### [Dataset content]
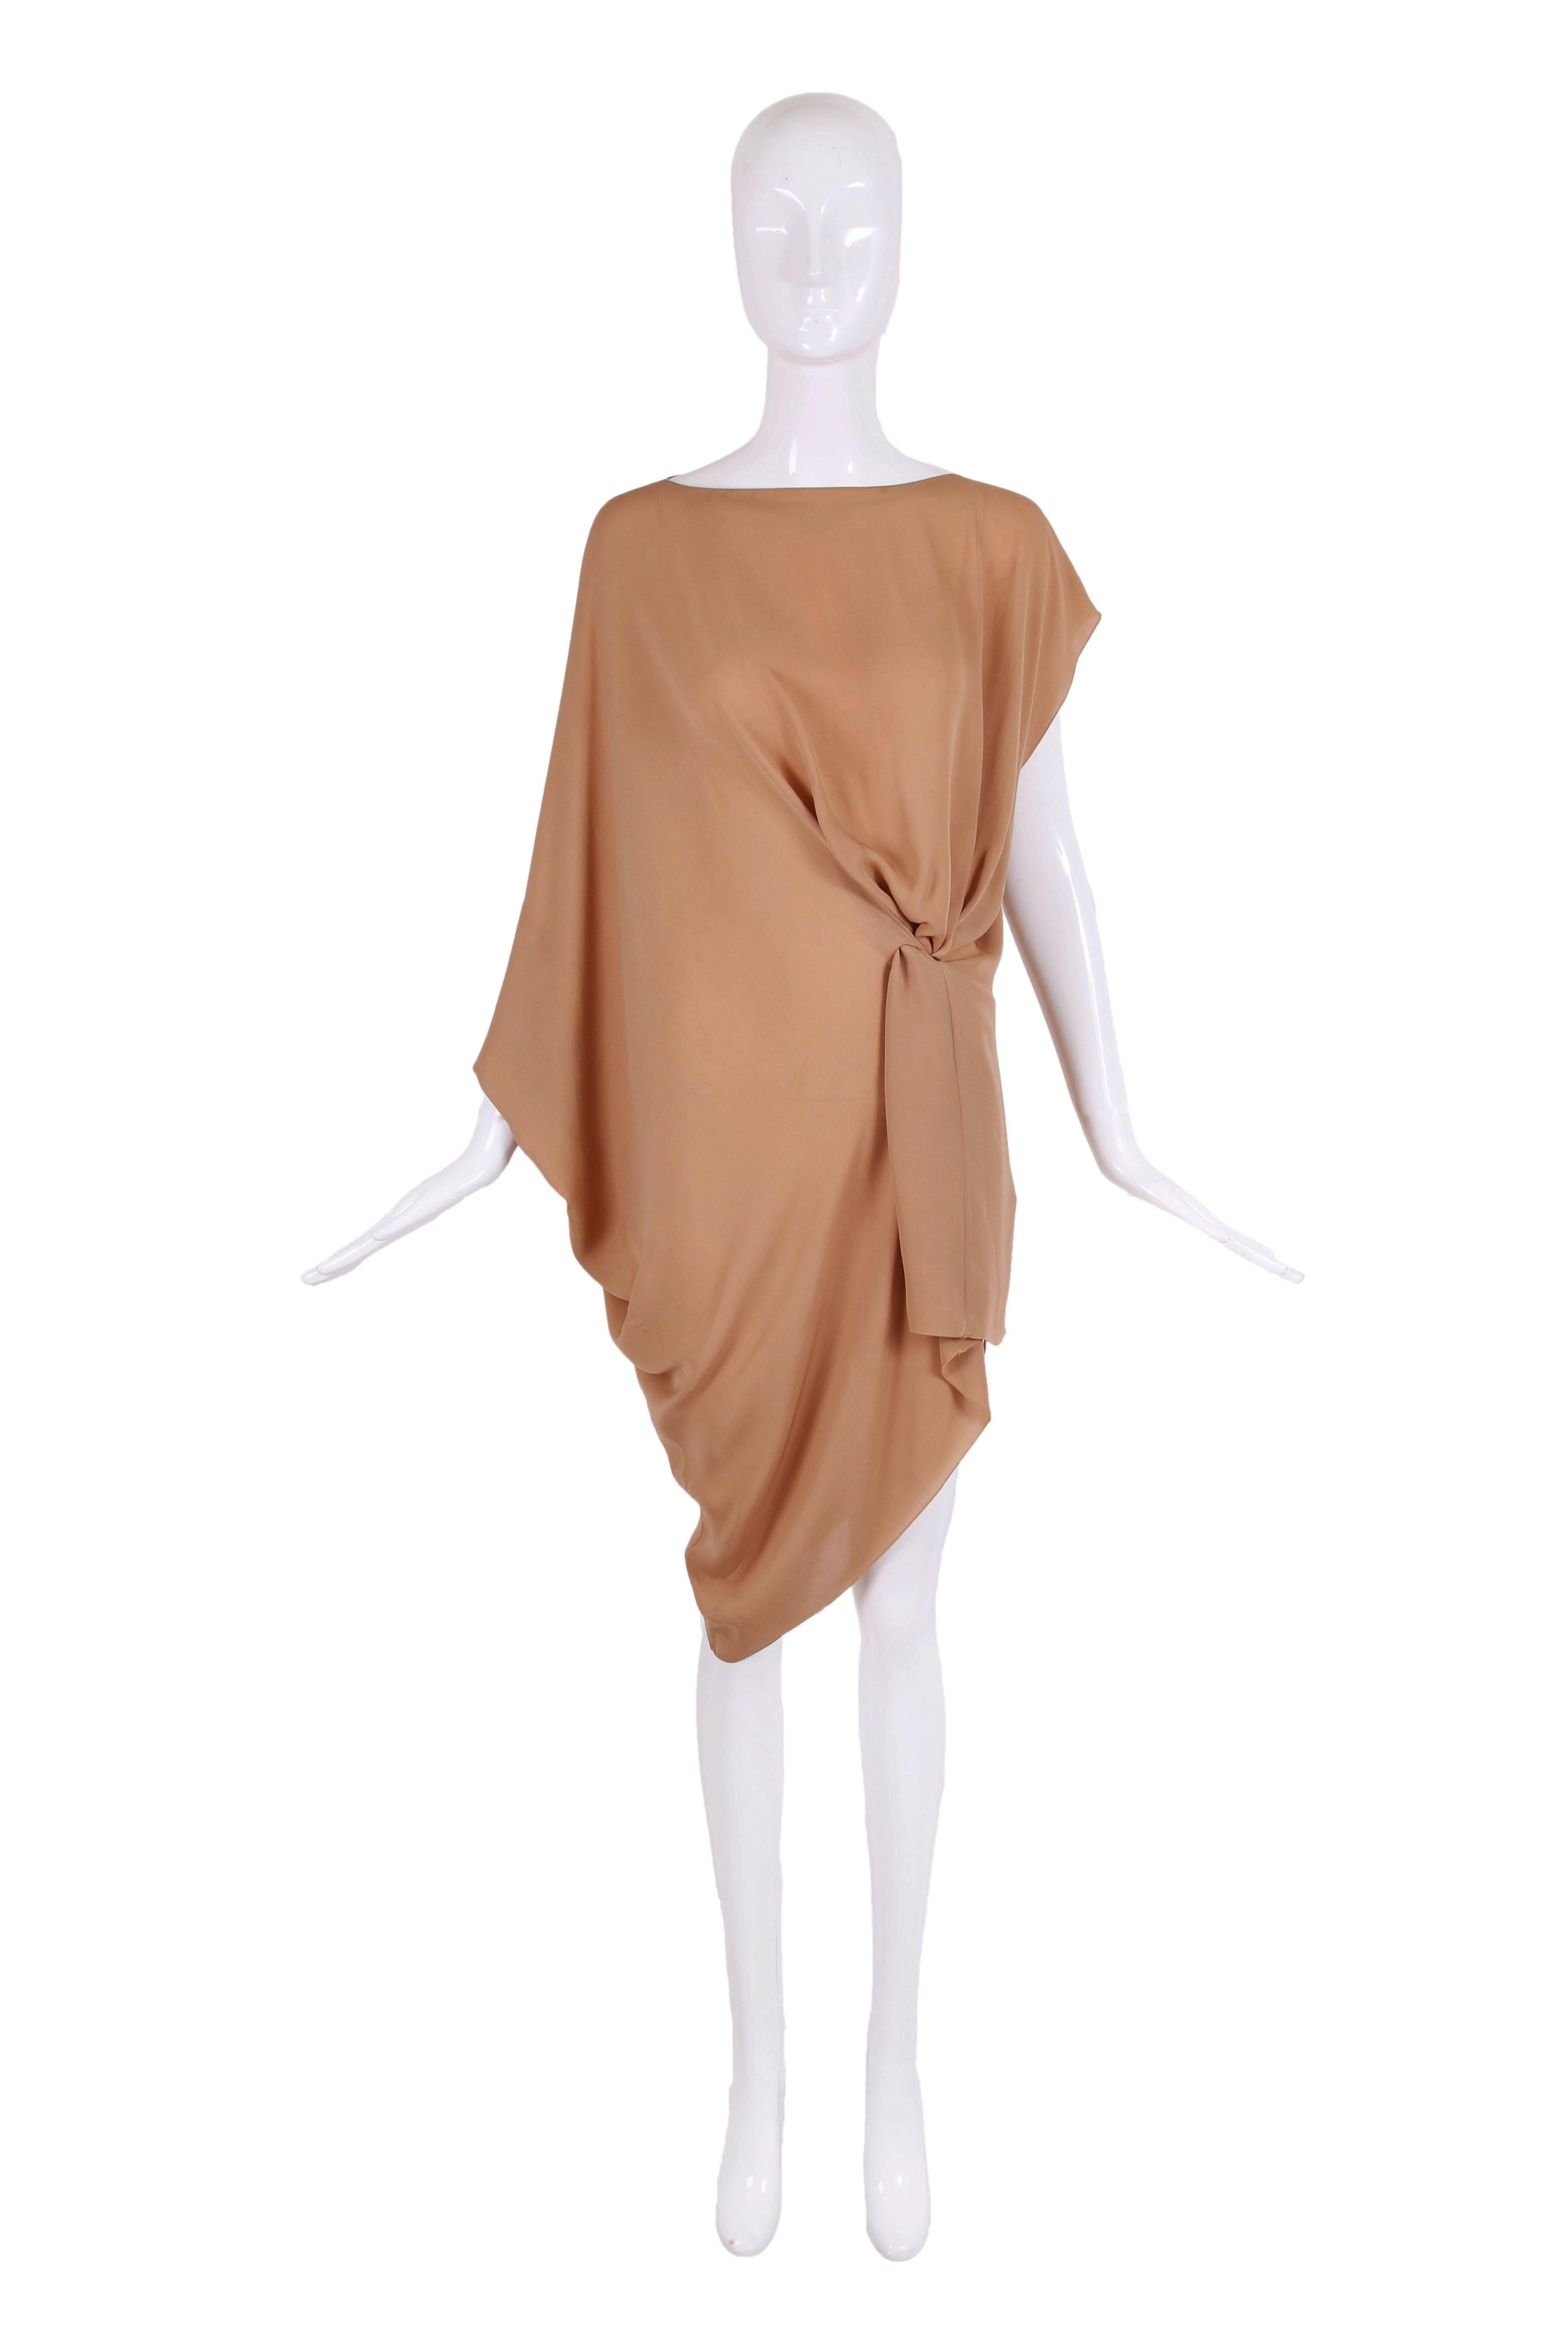 Margiela 100% silk nude-colored single shoulder dress or tunic top. Size 42 - in excellent condition.

MEASUREMENTS:
Waist - 34

### [Problem requirements]
Return the listing above in full and without alteration, excluding its pictures.

### [Task result]
 Margiela 100% silk nude-colored single shoulder dress or tunic top. Size 42 - in excellent condition.

MEASUREMENTS:
Waist - 34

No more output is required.